Dinas Perdagangan Sumsel melakukan pengecekan terhadap ketersediaan minyak goreng satu harga di tiga pasar tradisional di Palembang yaitu pasar Km 5, Pasar Lemabang dan Pasar Soak Bato. Dari pengecekan tersebut hanya ada satu pedagang saja yang mendapatkan suplai minyak goreng satu harga program pemerintahan di Pasar Km 5. Sedangkan di dua pasar lainnya tidak mendapatkan pasokan minyak goreng kemasan satu harga dari distributor.
Kepala Dinas Perdagangan Sumsel, Ahmad Rizali mengatakan tidak tersedianya pasokan minyak goreng satu harga ini bukan di Sumsel saja melainkan didaerah lain di tanah air juga sama.
Masalahnya bukan pada pedagang, agen atau distributor nya melainkan masa transisi kebijakan sehingga suplai dan demand tidak sebanding sehingga stok pun kosong.
Kebijakan pemerintah dalam hal Ini terlihat serampangan, alih-alih memberikan solusi kebijakan ini justru semakin mempersulit masyarakat untuk mendapatkan kebutuhan pokoknya. Di sisi lain pedagang yang menyimpan wtok minyak yang lama terkena imbas kerugian.

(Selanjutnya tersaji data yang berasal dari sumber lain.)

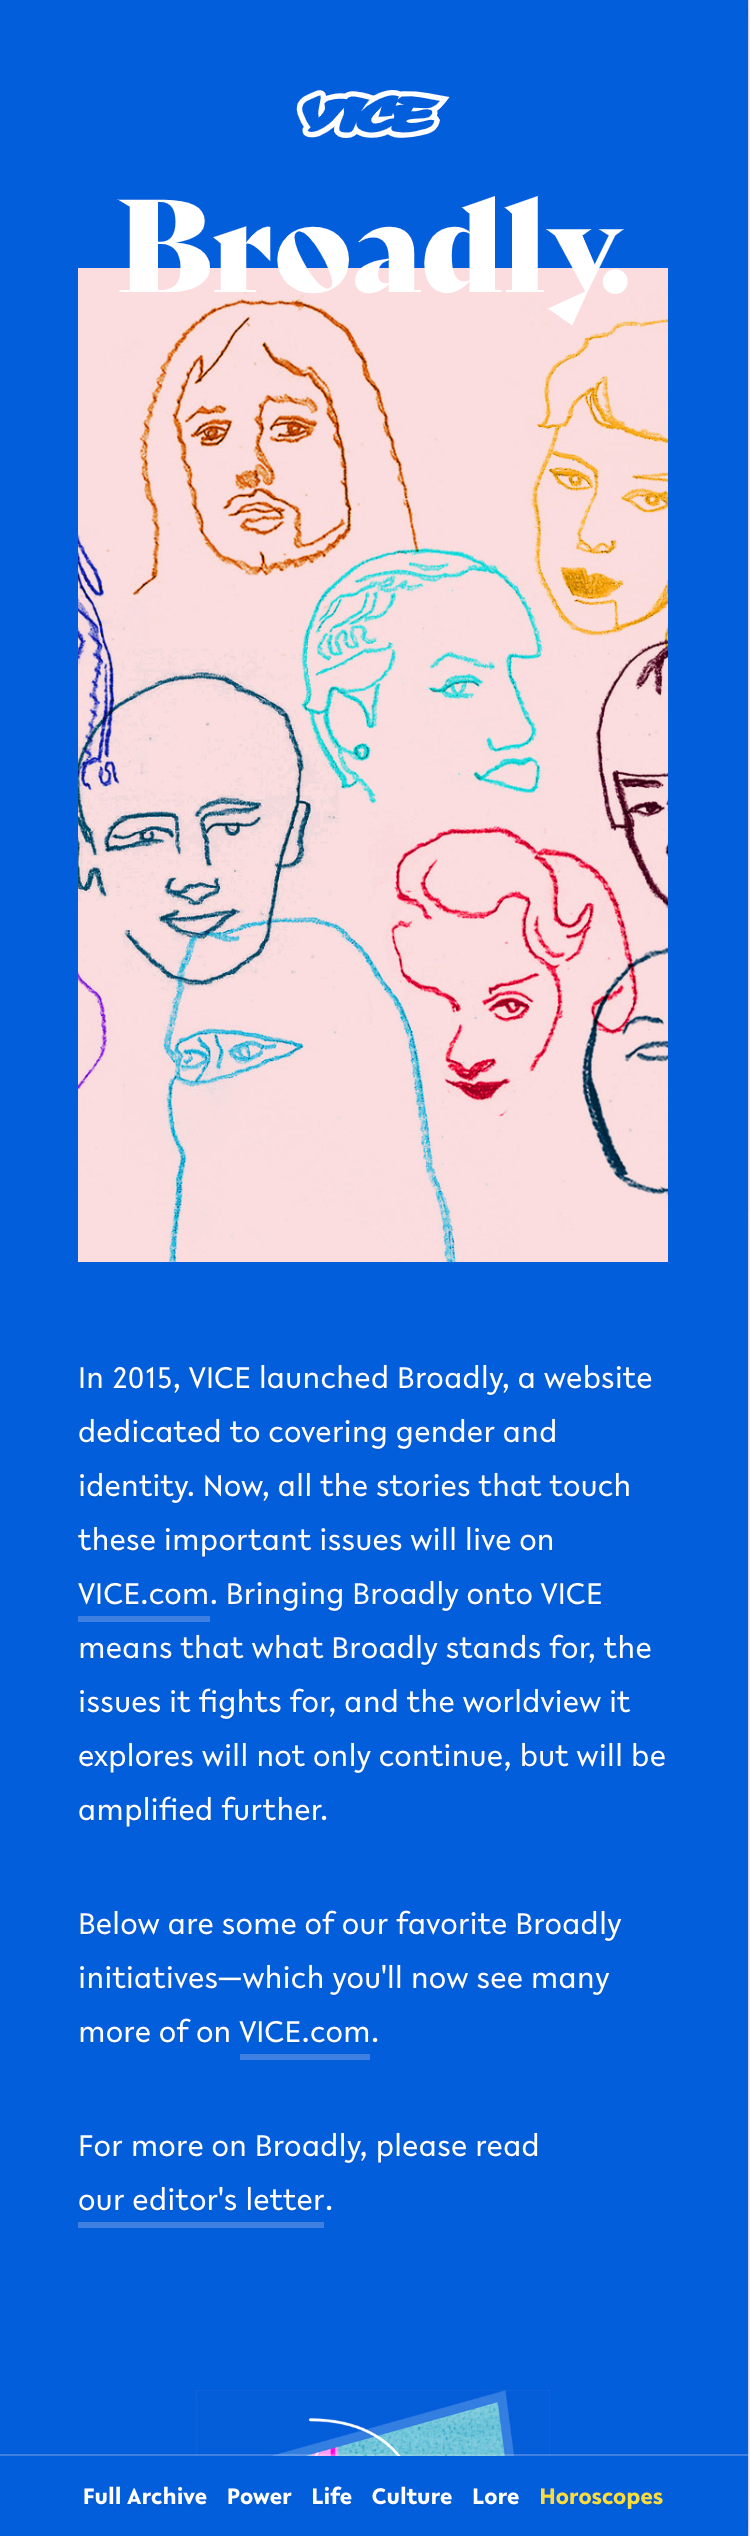 Broadly's post-launch microsite

Demikianlah saat negara menggunakan aturan yang bukan datang dari Allah, maka kezaliman akan meraja lela. Sistem kapitalisme tidak menganggap distribusi kebutuhan pokok menjadi kewajiban negara sehingga wajar jika negara berlepas tangan dalam hal ini.
Hal ini sangat berbeda dengan sistem Islam. Dalam Islam negara memegang peranan yang sangat penting untuk menjaga kemaslahatan umat. Negara berkewajiban memenuhi kewajiban warganya sehingga negara harus memastikan ketersediaan barang pokok dengan mudah dan murah.
Kebijakan semacam ini hanya akan ada jika Islam diterapkan secara kafah baik secara politik, ekonomi, sosial, dan lain sebagainya. Sistem Islam bisa diterapkan secara kafah jika ada institusi yang menaunginya.